• HOW TO COMPLETE THIS TASK: Reproduce, exactly and only, the lines of the data that follows from the one containing "Wrangler Vintage Wrangler jeans - image 3" down to the one containing "Close-up of womans tattooed leg.", without pictures.

• DATA FOR THE TASK:
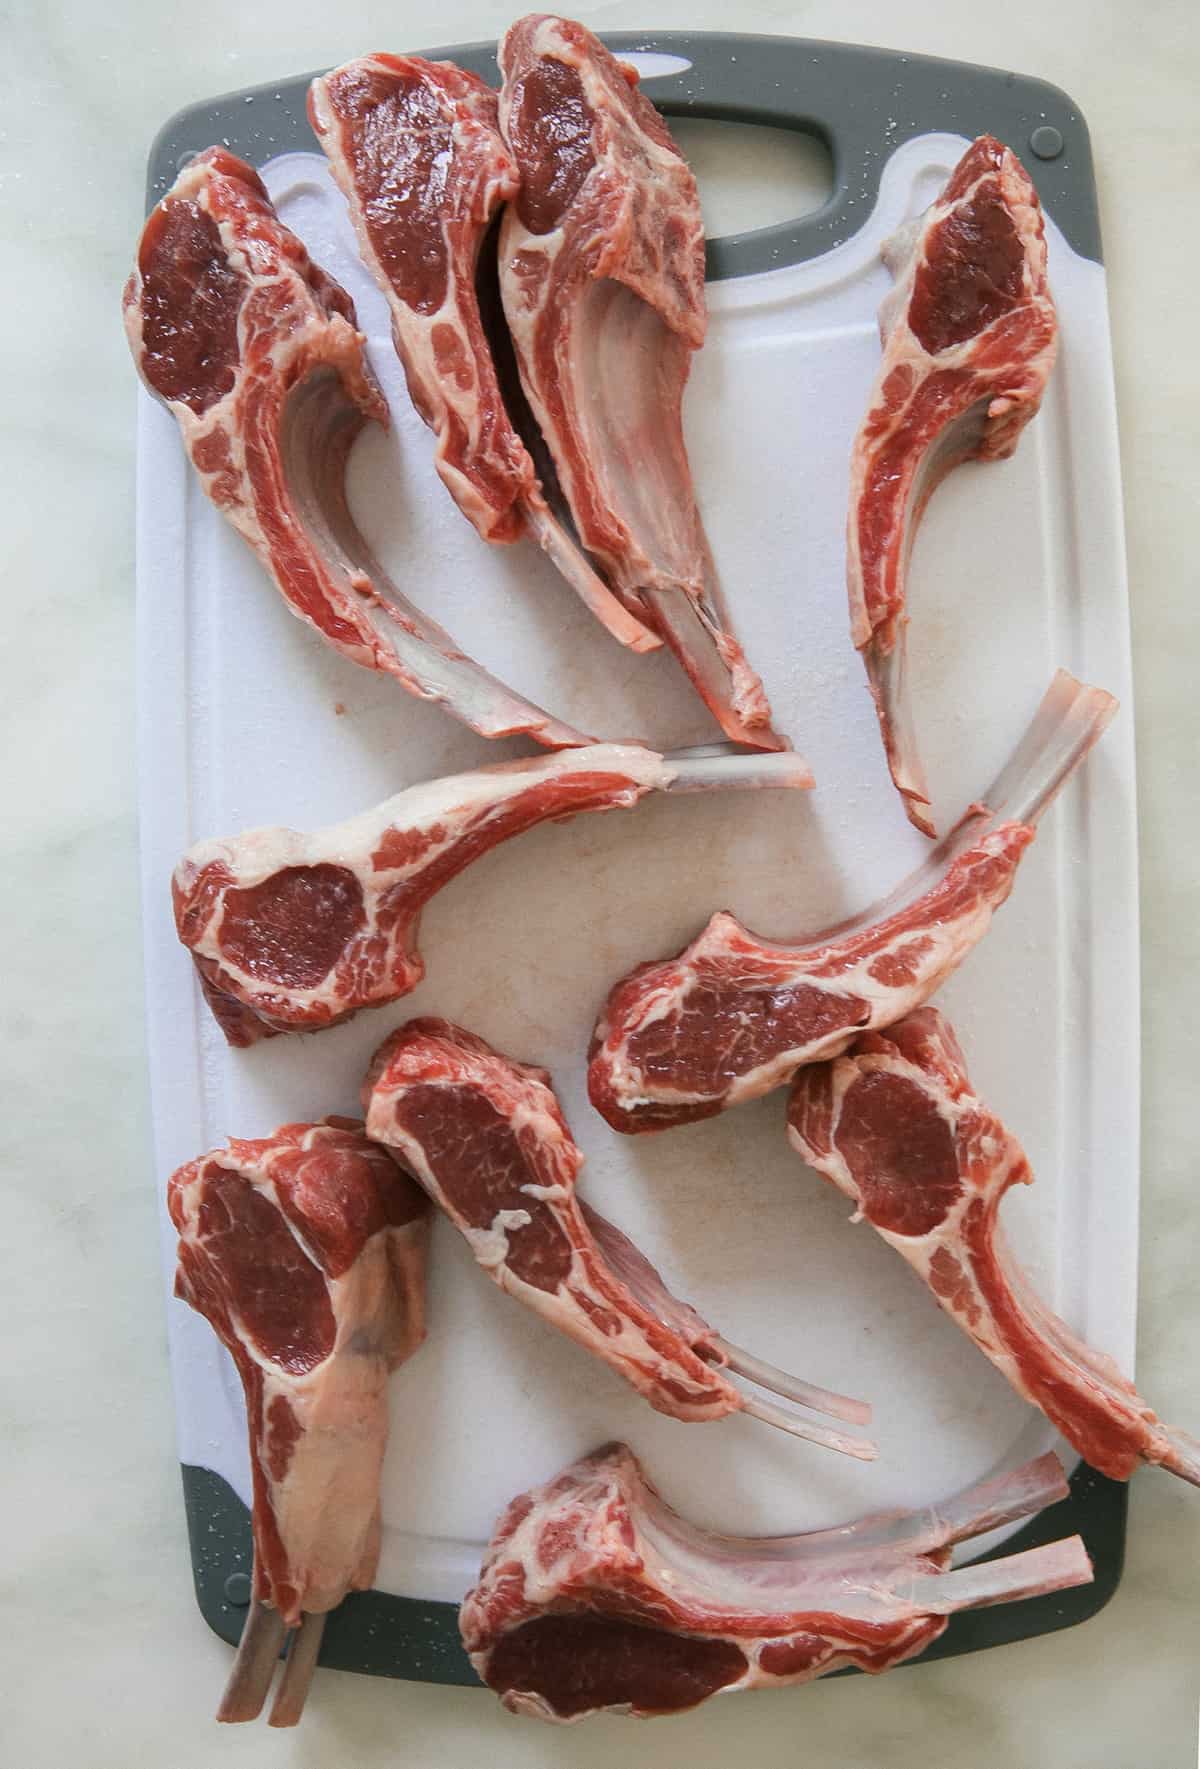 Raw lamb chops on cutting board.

--

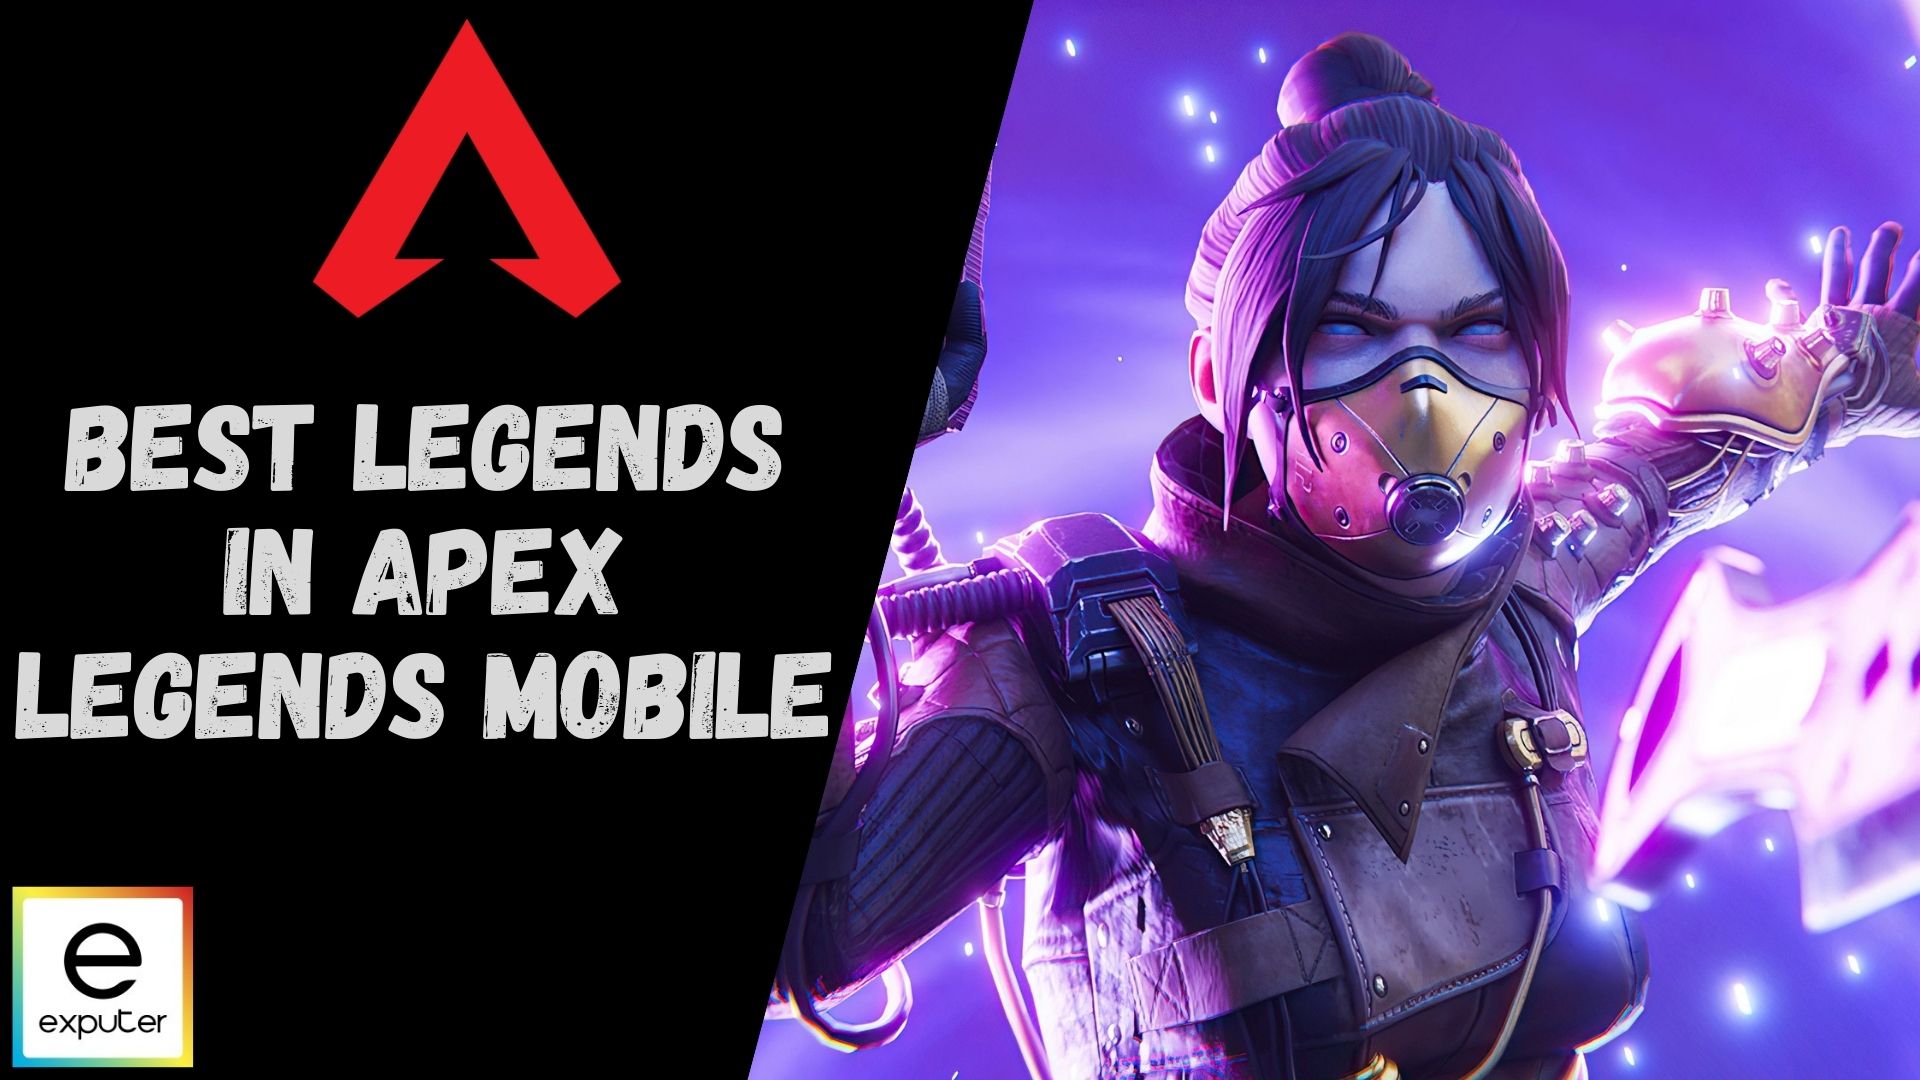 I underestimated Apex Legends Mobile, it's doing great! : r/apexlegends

...

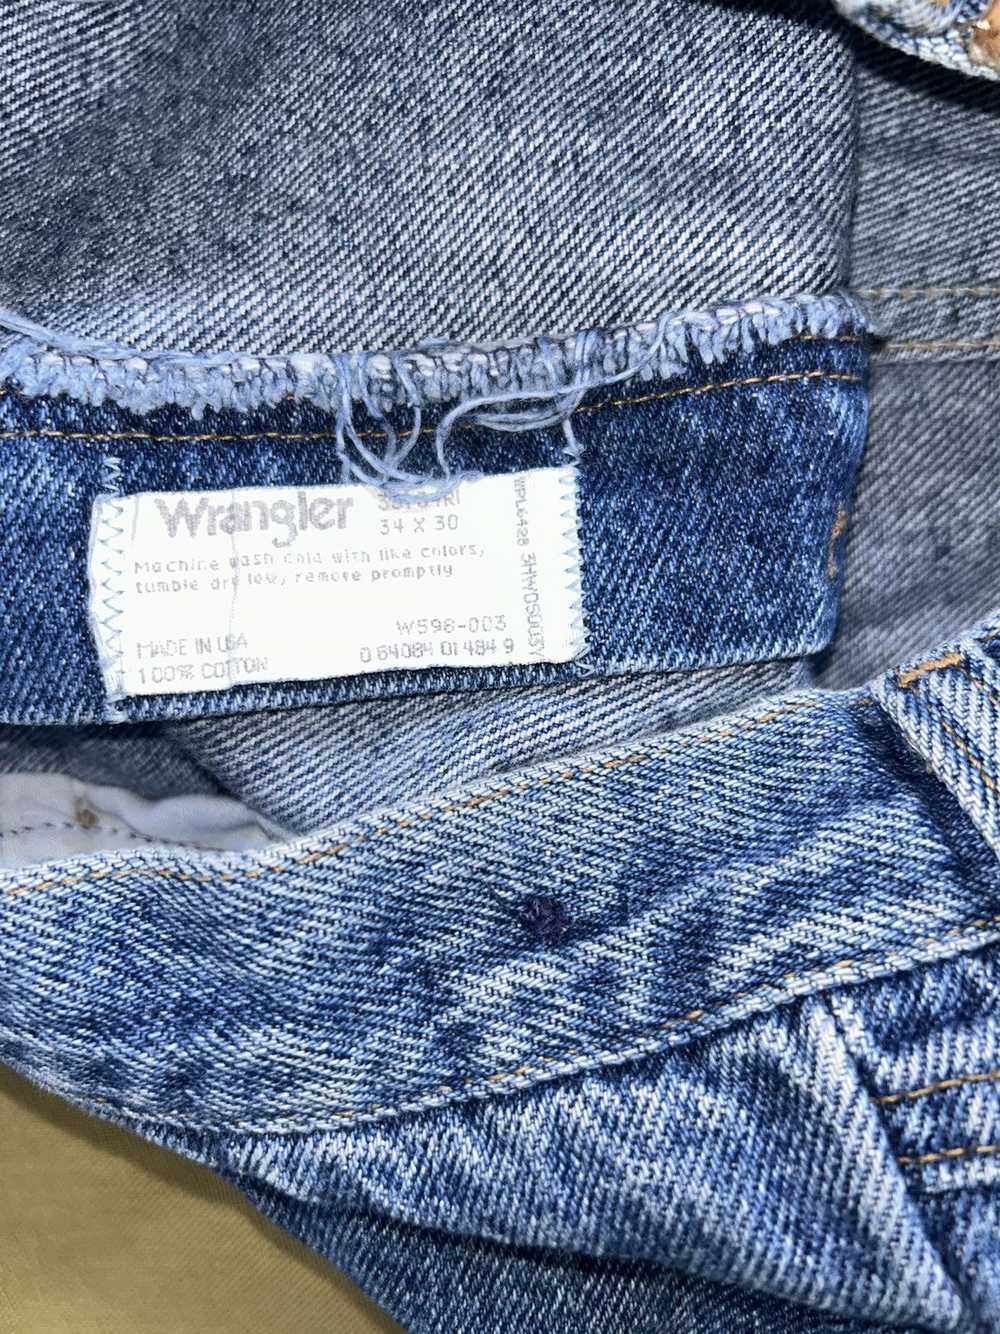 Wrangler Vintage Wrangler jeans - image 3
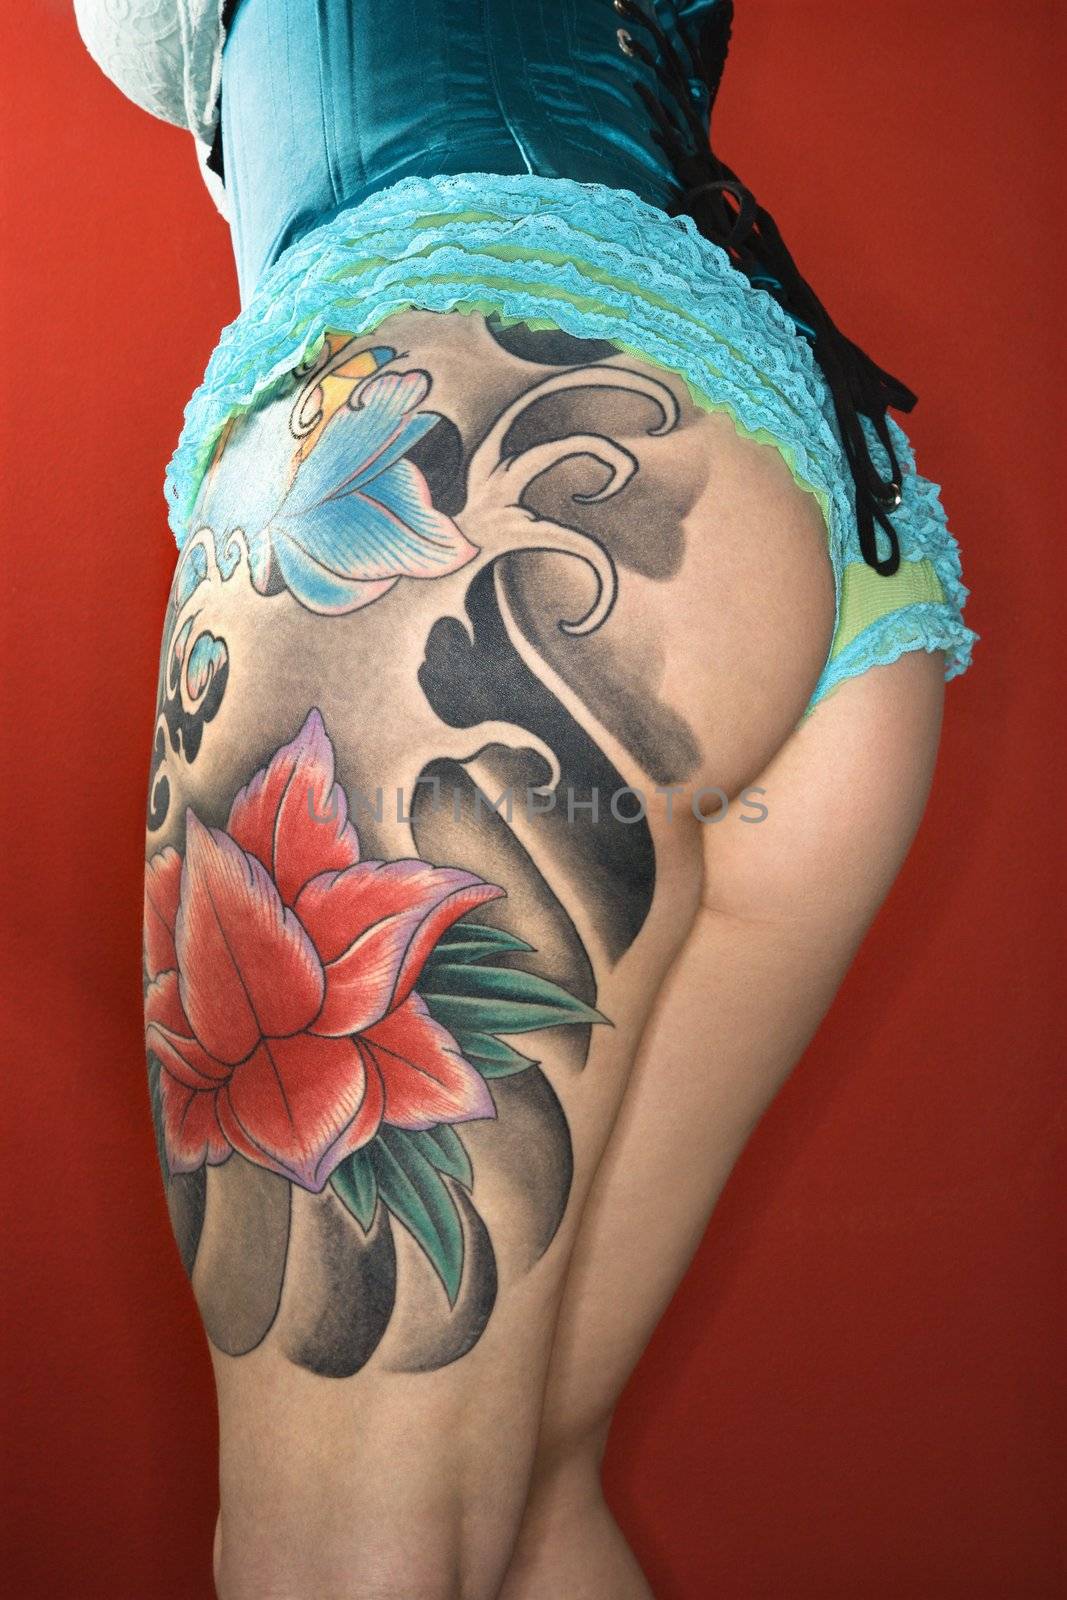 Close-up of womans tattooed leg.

• SOLUTION FOR THIS PROBLEM:
 Wrangler Vintage Wrangler jeans - image 3
 Close-up of womans tattooed leg.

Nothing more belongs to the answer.